I'm using a ClassLoader object to load the classes. Since I don't want to run out of PermGen memory, from time to time I un-reference the class loader and create a new one to load the new classes to be used. This seems to work fine and I don't get a PermGen out of memory. The problem is that when I do that, after a while I get the following error:

java.lang.OutOfMemoryError: GC overhead limit exceeded 

So my question is, when should I un-reference the class loader to avoid both errors?:
Should I monitor in my code the PermGen usage so that I un-reference the class loader and call System.gc() when the PermGen usage is close to the limit?
Or should I follow a different approach?
Thanks

Foi útil?

Solução

There is no single correct answer to this.

On the one hand, if unlinking the classloader is solving your permgen leakage problems, then you should continue to do that.

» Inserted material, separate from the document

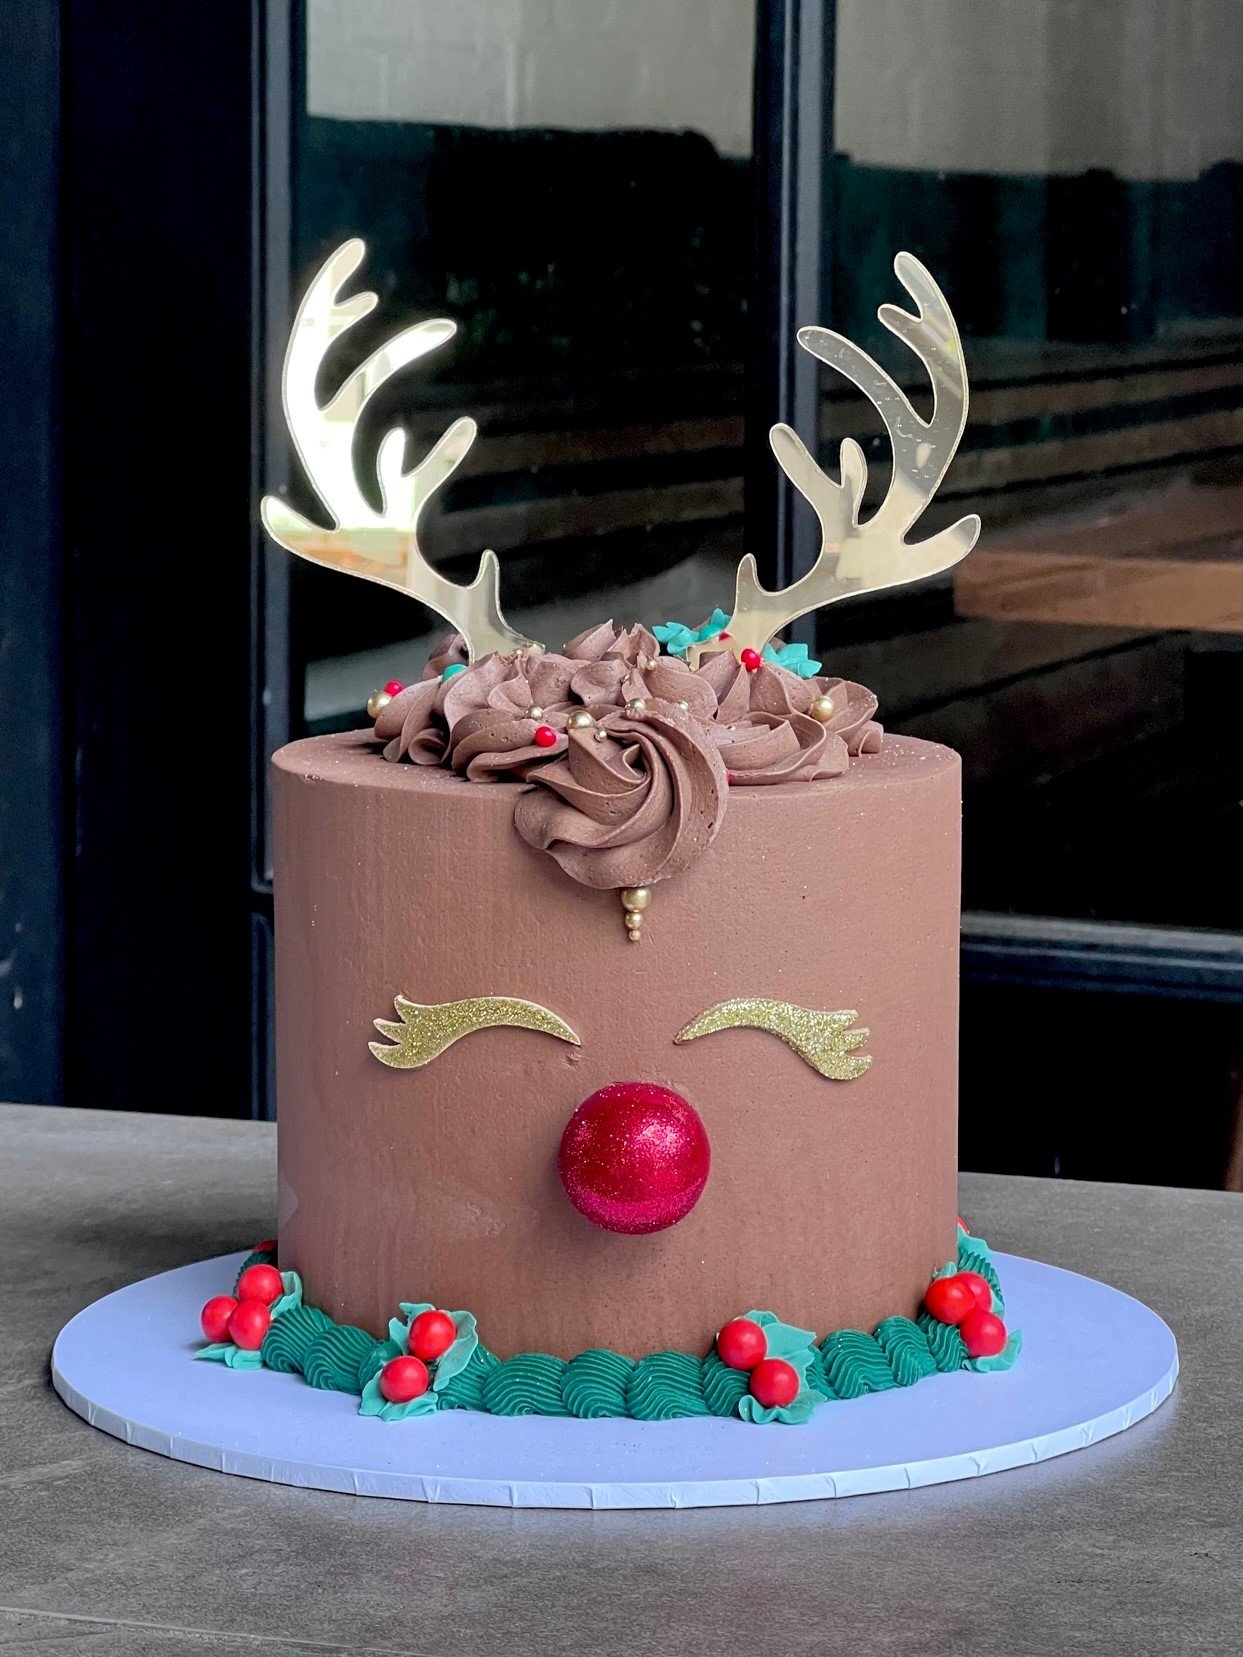 vanillapodspecialtycakes-noveltycakes-brisbanecakes-birthdaycakebrisbane-buttercreamcake (8).jpg

On the other hand, a "GC overhead limit exceeded" error means that your application is spending too much time garbage collection. In most circumstances, this means that your heap is too full. But that can mean one of two things:

  • The heap is too small for your application's requirements.

  • Your application has a memory leak.

You could assume that the problem is the former one and just increase the heap size. But if the real problem is the latter one, then increasing the heap size is just postponing the inevitable ... and the correct thing to do would be to find and fix the memory leak.


Don't call System.gc(). It won't help.

Outras dicas

Are you loading the same class multiple times? Because you should cache the loaded class.

If not, how many classes are you loading? If they are plenty you may have to fix a limit of loaded classes (this number can be either based on heap size or a number based on how much memory does it take to have a loaded class) and discard the least used when loading the next one.

I had somewhat similar situation with class unloading.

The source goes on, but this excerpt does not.